**AVAILABLE DATA:**
'''

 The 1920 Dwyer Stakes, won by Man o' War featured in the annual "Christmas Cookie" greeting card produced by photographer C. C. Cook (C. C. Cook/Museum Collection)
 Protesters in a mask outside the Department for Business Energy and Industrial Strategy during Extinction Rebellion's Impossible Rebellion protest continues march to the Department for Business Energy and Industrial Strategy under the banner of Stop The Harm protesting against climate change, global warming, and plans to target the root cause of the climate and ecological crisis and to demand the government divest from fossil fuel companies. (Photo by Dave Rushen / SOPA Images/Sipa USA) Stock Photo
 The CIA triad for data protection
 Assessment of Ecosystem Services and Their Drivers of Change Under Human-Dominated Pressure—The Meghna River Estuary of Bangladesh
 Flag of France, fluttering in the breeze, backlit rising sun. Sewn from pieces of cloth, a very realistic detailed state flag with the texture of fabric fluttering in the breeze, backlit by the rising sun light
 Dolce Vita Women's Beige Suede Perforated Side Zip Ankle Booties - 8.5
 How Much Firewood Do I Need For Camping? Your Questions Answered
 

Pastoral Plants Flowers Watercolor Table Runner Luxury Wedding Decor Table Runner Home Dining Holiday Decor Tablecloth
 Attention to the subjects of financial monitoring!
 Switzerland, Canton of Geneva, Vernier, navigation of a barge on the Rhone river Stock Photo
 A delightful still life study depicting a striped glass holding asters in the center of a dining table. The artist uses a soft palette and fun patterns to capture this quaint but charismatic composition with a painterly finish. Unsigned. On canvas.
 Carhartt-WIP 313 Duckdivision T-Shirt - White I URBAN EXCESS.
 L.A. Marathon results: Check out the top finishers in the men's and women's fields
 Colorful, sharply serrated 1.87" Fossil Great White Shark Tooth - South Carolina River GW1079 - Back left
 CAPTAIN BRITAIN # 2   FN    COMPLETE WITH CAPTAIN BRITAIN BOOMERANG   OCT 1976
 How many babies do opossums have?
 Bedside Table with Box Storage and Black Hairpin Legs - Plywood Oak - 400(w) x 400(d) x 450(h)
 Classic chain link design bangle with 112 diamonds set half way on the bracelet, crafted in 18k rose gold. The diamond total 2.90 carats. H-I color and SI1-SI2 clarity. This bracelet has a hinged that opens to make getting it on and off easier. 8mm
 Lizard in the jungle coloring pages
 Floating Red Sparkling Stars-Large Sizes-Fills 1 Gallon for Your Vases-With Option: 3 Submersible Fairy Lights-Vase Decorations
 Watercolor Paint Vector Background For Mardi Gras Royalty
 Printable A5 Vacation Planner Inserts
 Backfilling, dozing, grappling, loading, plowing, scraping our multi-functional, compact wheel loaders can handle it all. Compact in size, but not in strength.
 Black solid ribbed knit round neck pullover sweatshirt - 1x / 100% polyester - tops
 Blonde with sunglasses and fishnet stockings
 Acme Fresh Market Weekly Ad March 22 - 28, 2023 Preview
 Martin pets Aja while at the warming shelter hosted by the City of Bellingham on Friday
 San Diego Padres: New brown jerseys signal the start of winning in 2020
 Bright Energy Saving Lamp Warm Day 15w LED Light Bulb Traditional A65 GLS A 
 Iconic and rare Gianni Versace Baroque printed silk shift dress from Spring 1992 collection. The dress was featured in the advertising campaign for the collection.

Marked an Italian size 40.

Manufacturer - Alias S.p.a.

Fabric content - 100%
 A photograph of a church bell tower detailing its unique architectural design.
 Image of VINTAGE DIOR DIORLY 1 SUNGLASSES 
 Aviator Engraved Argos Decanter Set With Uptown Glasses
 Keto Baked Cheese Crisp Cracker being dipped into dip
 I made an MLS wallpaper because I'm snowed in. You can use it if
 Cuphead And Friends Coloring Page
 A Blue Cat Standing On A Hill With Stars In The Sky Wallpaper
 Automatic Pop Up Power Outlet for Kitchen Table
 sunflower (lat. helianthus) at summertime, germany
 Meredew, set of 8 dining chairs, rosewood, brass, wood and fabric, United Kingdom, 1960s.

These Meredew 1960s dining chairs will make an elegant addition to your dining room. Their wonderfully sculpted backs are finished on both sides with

'''

**WORK REQUIRED:** Search the records for the string "from" and return every line in which it occurs.

**RESPONSE:**
 Protesters in a mask outside the Department for Business Energy and Industrial Strategy during Extinction Rebellion's Impossible Rebellion protest continues march to the Department for Business Energy and Industrial Strategy under the banner of Stop The Harm protesting against climate change, global warming, and plans to target the root cause of the climate and ecological crisis and to demand the government divest from fossil fuel companies. (Photo by Dave Rushen / SOPA Images/Sipa USA) Stock Photo
 Flag of France, fluttering in the breeze, backlit rising sun. Sewn from pieces of cloth, a very realistic detailed state flag with the texture of fabric fluttering in the breeze, backlit by the rising sun light
 Iconic and rare Gianni Versace Baroque printed silk shift dress from Spring 1992 collection. The dress was featured in the advertising campaign for the collection.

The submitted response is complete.